GSoC Week 3 report by Mebin Thattil (#232)

mebinthattil · web-flow · commit cb74bcb5c8d4 · 2025-06-22T20:51:41.000-04:00
diff --git a/src/constants/MarkdownFiles/posts/2025-06-21-gsoc-25-MebinThattil-week03.md b/src/constants/MarkdownFiles/posts/2025-06-21-gsoc-25-MebinThattil-week03.md
@@ -0,0 +1,61 @@
+---
+title: "GSoC ’25 Week 03 Update by Mebin J Thattil"
+excerpt: "Re-thinking training dataset structure"
+category: "DEVELOPER NEWS"
+date: "2025-06-21"
+slug: "2025-06-21-gsoc-25-mebinthattil-week3"
+author: "@/constants/MarkdownFiles/authors/mebin-thattil.md"
+tags: "gsoc25,sugarlabs,week03,mebinthattil,speak_activity"
+image: "assets/Images/GSOCxSpeak.png"
+---
+
+<!-- markdownlint-disable -->
+
+# Week 03 Progress Report by Mebin J Thattil
+
+**Project:** [Speak Activity](https://github.com/sugarlabs/speak)  
+**Mentors:** [Chihurumnaya Ibiam](https://github.com/chimosky), [Kshitij Shah](https://github.com/kshitijdshah99)  
+**Assisting Mentors:** [Walter Bender](https://github.com/walterbender), [Devin Ulibarri](https://github.com/pikurasa)  

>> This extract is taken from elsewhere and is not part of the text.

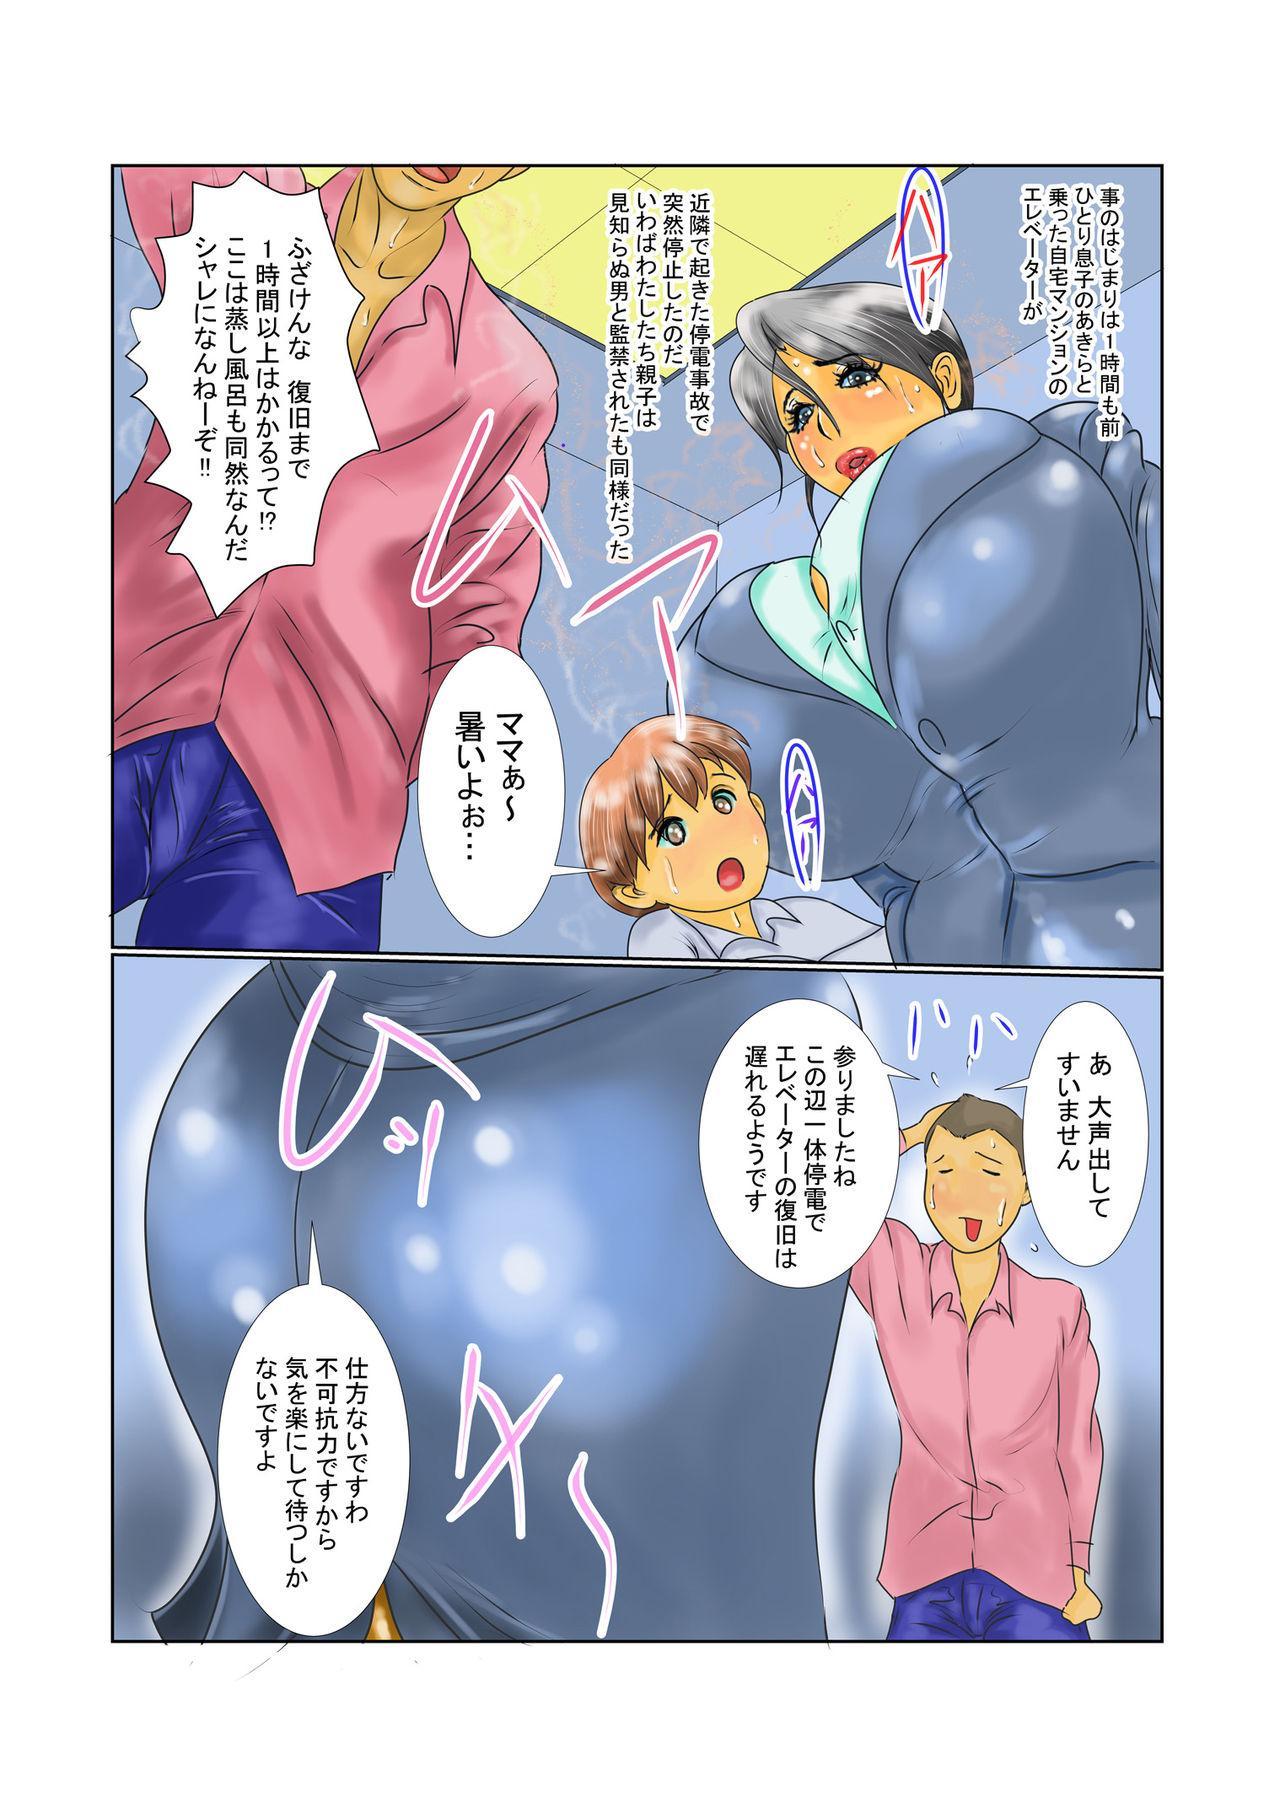 Uzuki Haha Mesu Buta Gimi no Mama ni Boku no Seishi o Agete Mita 2
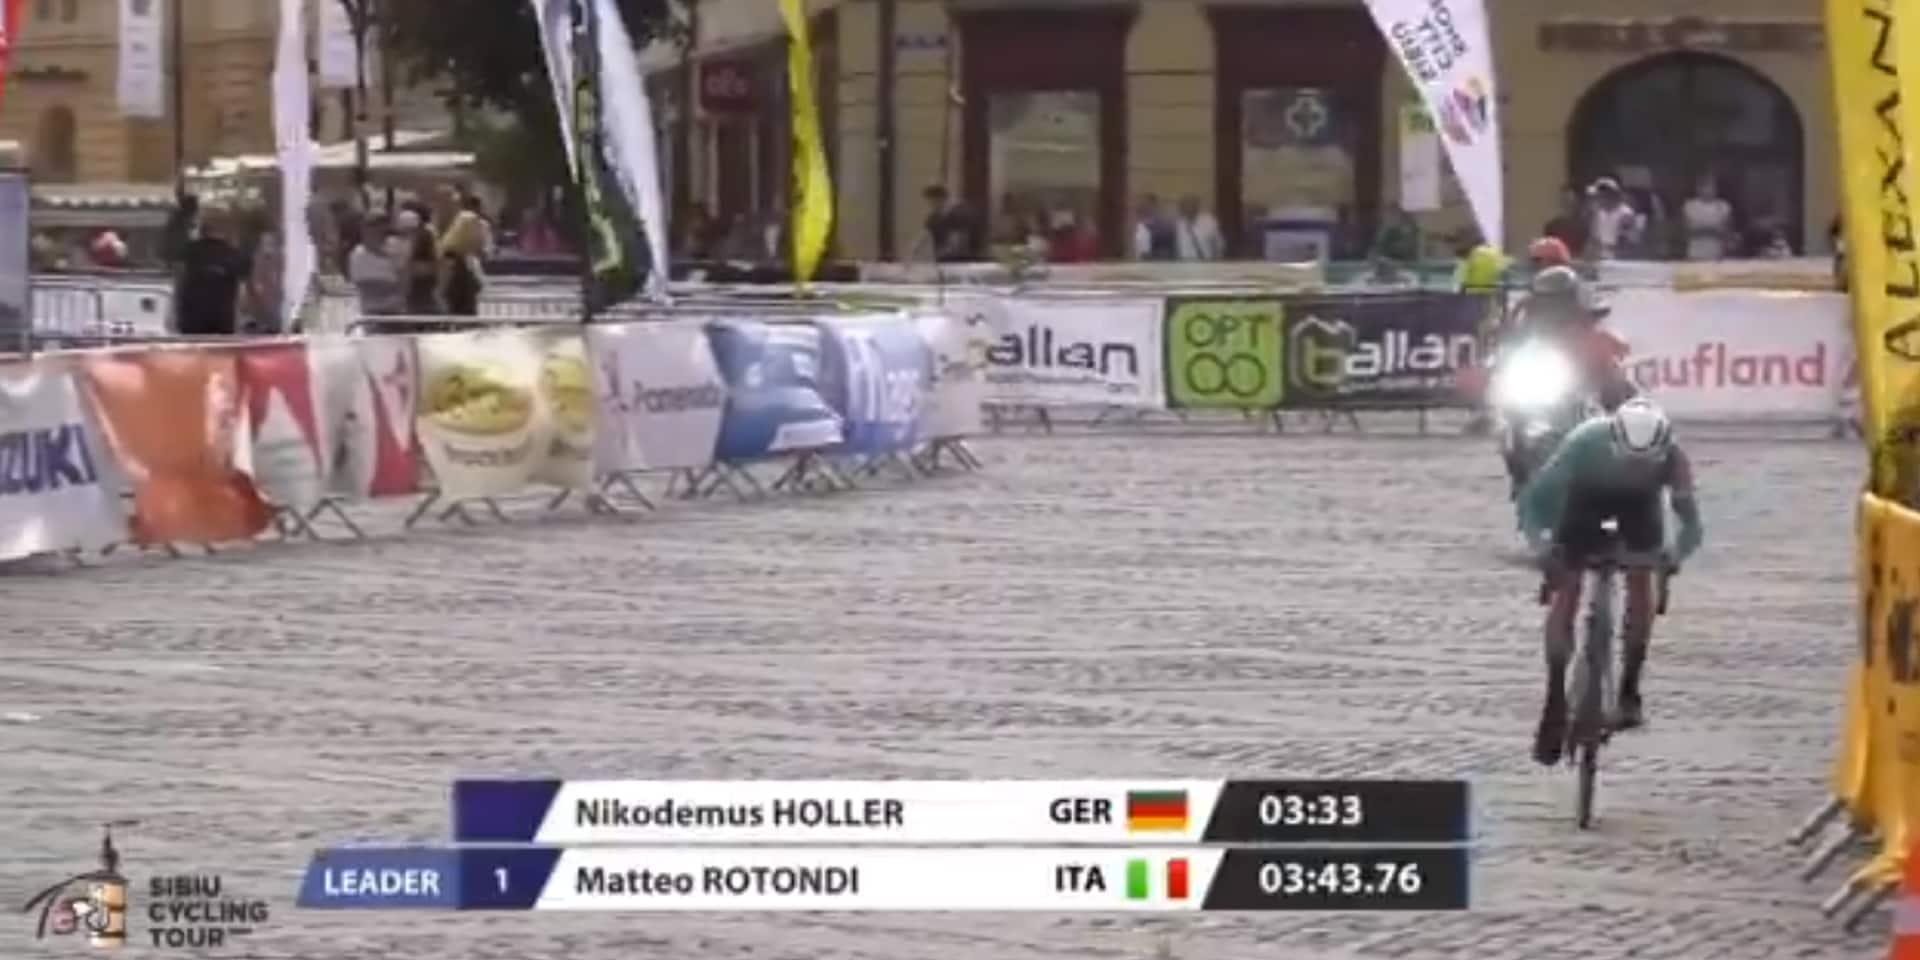 Tour de Sibiu: l'Allemand Nikodemus Holler vainqueur du prologue

+**Reporting Period:** 2025-06-14 - 2025-06-21  
+
+---
+
+## Goals for This Week
+
+- **Goal 1:** Fix the issue for continious generation of chain of responses from model
+
+---
+
+## This Week’s Achievements
+
+Note: _I'm officially on leave for this week and the next week, but I have however been taking calls and attending meetings, and did some light work in the background._ 
+
+1. **Re-formatted the dataset to avoid generating chain of responses**
+   - Before the dataset had a records of conversations between a student and a teacher. Each record would have around 5-10 back-and-forth questions and interactions between the student and teacher. 
+   - Since we were training on this dataset format, the model would also try to replicate this format - ie. it would start generating a chain of question-answer back and forths between the student and teacher. This is obviously something that we don't want.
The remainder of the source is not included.